#### DATA LISTING:
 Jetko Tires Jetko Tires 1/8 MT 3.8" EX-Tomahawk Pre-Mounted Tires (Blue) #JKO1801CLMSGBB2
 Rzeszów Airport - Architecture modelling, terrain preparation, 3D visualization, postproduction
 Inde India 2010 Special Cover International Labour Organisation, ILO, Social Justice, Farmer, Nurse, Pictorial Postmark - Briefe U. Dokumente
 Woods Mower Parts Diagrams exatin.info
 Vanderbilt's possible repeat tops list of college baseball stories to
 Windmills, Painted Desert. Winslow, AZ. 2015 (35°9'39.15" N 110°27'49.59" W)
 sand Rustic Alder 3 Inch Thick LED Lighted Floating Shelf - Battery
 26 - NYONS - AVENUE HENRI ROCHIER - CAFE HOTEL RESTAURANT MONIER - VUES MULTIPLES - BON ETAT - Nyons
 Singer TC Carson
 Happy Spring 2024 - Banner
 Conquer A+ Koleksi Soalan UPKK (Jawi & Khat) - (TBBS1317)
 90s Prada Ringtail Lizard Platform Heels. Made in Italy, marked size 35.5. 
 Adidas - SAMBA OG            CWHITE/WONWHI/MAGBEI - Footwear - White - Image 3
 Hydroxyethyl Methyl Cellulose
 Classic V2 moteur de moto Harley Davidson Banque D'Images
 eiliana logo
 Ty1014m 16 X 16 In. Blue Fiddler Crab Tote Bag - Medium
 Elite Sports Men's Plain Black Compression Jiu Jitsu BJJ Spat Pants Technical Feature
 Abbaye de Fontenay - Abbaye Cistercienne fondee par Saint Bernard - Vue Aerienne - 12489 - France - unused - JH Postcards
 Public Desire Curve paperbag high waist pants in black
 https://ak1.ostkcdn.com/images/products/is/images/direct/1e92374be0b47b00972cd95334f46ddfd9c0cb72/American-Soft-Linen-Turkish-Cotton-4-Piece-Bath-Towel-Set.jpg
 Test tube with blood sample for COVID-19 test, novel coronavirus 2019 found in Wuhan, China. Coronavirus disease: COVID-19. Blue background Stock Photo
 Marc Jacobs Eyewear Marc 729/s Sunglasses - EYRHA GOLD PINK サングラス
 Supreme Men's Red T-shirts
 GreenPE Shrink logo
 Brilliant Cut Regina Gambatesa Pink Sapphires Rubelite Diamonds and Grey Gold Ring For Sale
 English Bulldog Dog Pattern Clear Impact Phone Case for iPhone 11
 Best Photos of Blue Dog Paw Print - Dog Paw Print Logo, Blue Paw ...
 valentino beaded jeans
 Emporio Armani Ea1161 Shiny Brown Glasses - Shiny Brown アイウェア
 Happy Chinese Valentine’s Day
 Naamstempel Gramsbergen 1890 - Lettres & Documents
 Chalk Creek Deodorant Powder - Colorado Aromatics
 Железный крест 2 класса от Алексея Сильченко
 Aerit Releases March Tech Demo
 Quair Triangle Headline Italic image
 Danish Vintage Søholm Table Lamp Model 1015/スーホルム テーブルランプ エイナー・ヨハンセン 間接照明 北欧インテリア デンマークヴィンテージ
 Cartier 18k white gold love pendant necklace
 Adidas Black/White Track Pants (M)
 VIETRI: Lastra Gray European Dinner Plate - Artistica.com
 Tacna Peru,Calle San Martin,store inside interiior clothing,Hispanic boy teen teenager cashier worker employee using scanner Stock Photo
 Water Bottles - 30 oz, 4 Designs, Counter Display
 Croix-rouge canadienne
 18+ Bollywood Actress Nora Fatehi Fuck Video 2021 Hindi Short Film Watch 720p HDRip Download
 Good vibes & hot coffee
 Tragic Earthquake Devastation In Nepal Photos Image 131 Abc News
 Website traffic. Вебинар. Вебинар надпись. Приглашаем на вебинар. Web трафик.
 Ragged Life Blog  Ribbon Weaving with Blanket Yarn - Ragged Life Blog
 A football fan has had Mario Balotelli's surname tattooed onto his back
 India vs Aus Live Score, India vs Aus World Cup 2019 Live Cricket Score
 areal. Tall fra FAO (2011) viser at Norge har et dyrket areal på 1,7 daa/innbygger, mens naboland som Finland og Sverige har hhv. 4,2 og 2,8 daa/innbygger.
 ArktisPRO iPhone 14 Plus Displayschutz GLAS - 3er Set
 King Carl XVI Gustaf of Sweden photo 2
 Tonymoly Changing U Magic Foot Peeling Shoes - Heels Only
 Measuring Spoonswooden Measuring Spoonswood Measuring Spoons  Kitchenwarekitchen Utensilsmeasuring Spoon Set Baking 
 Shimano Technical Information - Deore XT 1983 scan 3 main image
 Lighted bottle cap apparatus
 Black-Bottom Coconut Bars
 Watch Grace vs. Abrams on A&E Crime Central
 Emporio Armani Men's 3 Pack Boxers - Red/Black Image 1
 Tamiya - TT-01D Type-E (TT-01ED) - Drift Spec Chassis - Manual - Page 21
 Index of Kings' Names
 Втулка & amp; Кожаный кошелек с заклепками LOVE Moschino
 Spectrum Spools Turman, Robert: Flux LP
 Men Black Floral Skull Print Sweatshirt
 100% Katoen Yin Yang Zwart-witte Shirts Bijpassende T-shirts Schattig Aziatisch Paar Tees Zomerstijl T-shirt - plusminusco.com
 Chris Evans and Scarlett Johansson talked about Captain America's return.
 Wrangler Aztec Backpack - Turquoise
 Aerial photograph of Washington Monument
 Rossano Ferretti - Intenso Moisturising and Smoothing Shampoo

#### TASK OBJECTIVE:
Respond with a single number: the count of lines in the entries above that contain the string "Watch".

#### EXERCISE RESULT:
2